■ MATERIAL PROVIDED
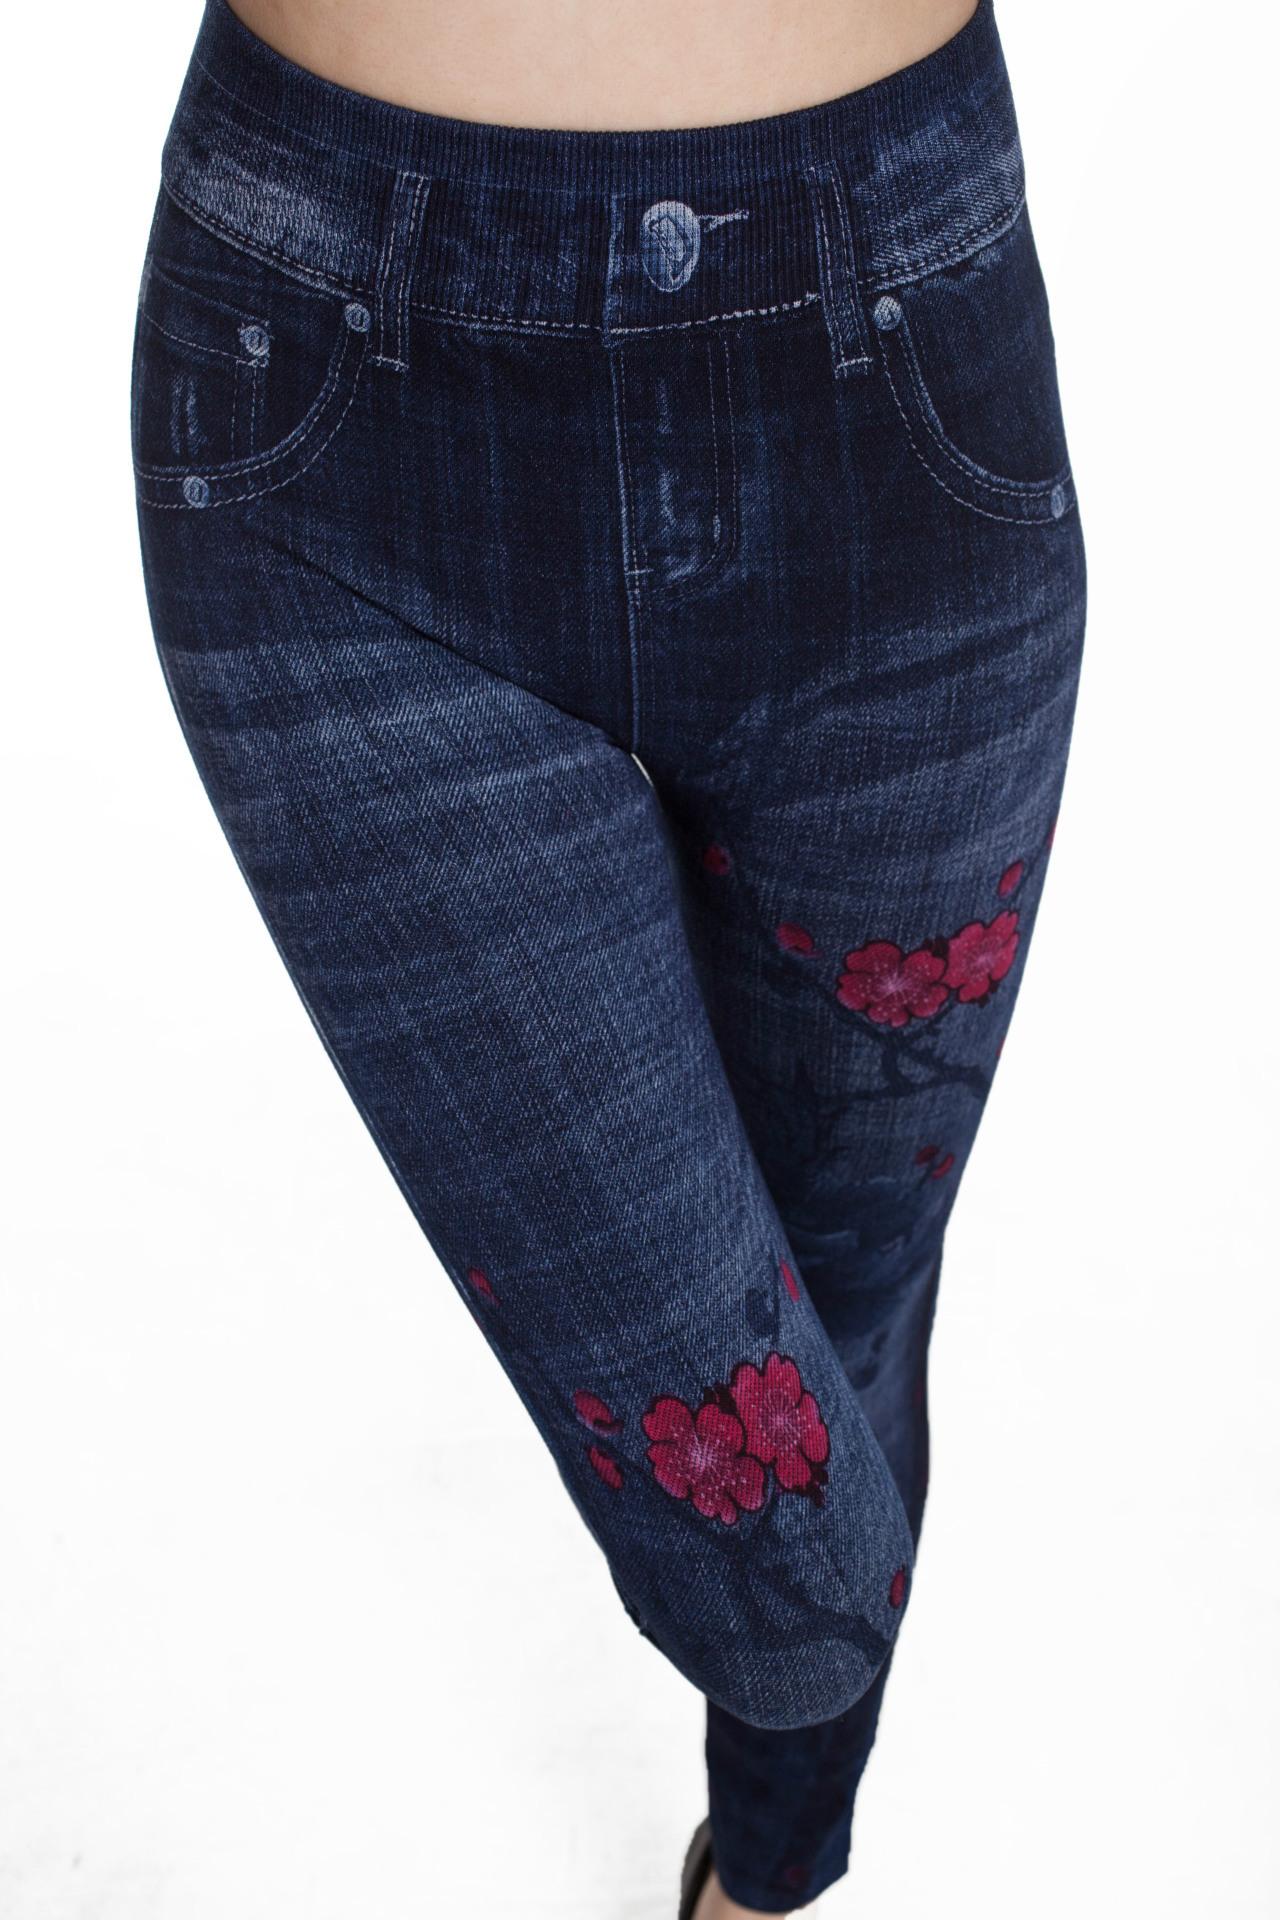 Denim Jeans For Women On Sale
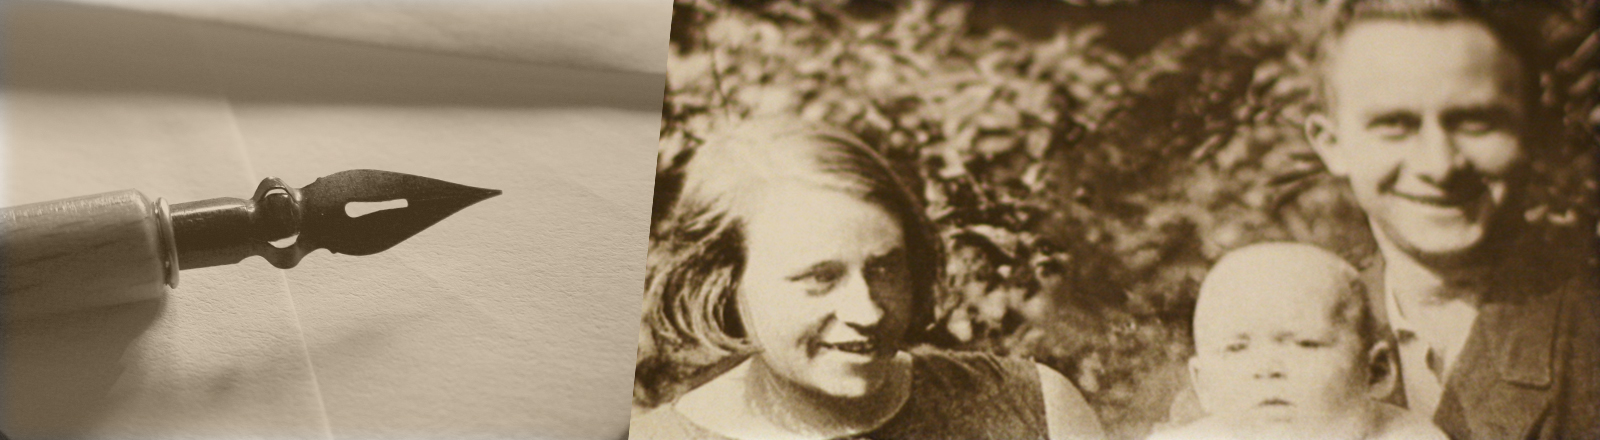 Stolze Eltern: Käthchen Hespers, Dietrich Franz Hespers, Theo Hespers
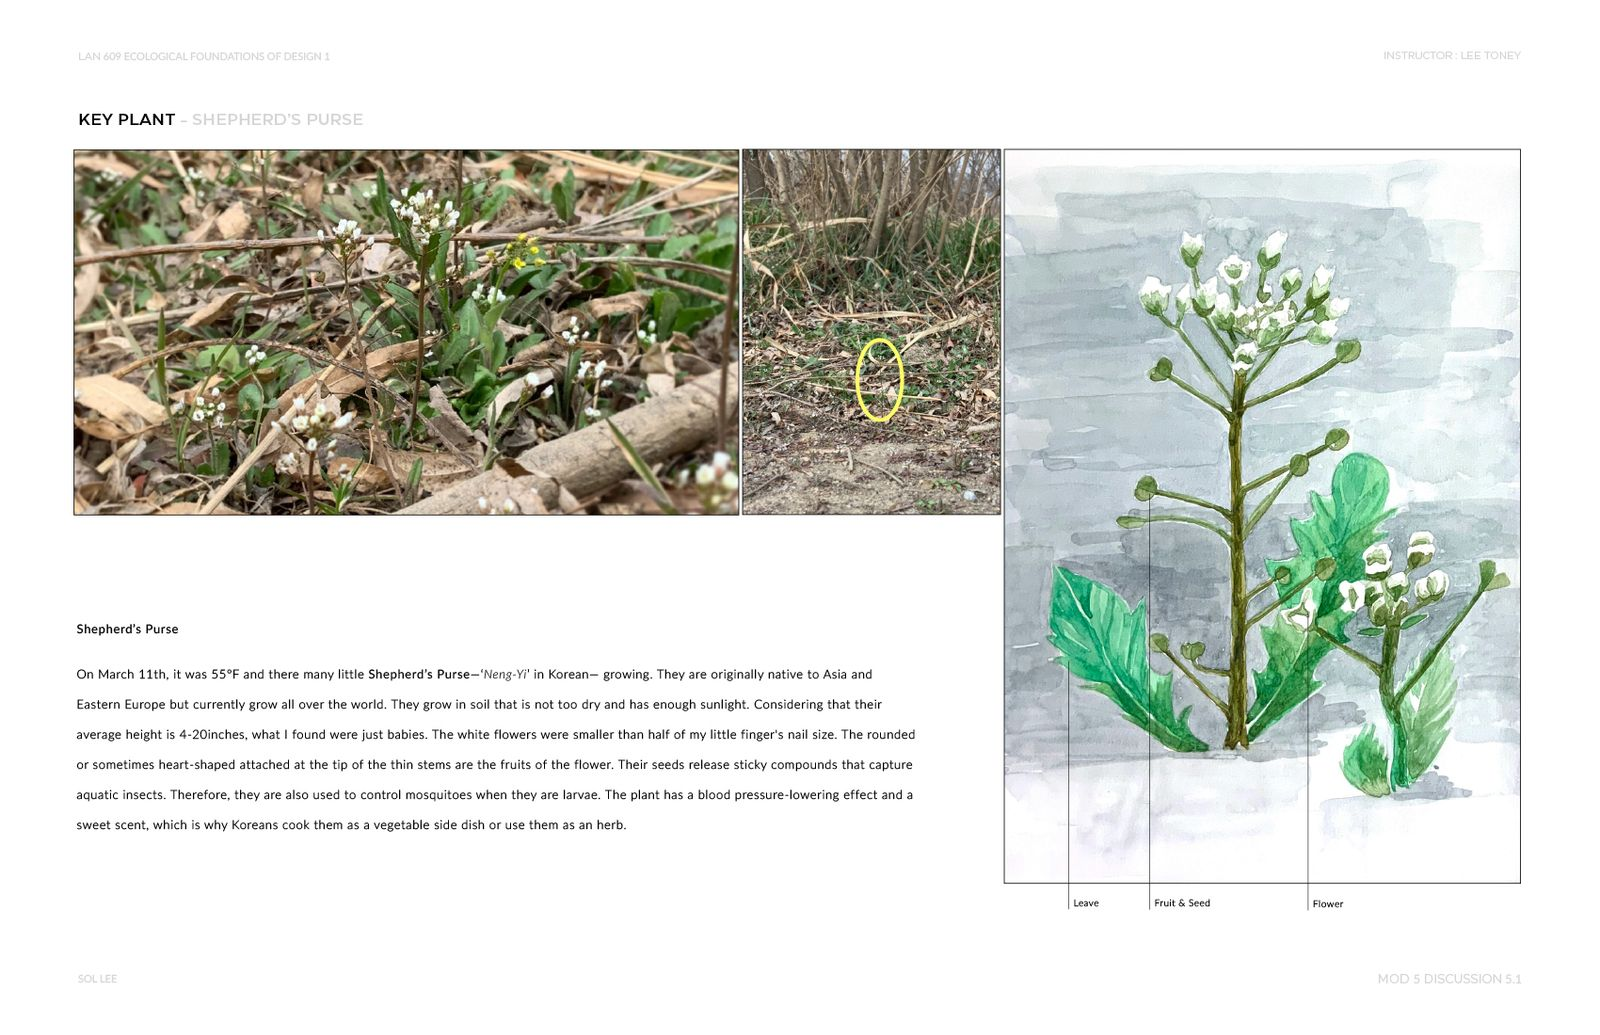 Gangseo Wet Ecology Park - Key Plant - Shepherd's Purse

■ TASK OBJECTIVE
Your answer must be the lines from the one containing "Stolze Eltern: Käthchen" through the last line of the listing above, restated word for word, with no pictures.

■ ANSWER SECTION
 Stolze Eltern: Käthchen Hespers, Dietrich Franz Hespers, Theo Hespers
 Gangseo Wet Ecology Park - Key Plant - Shepherd's Purse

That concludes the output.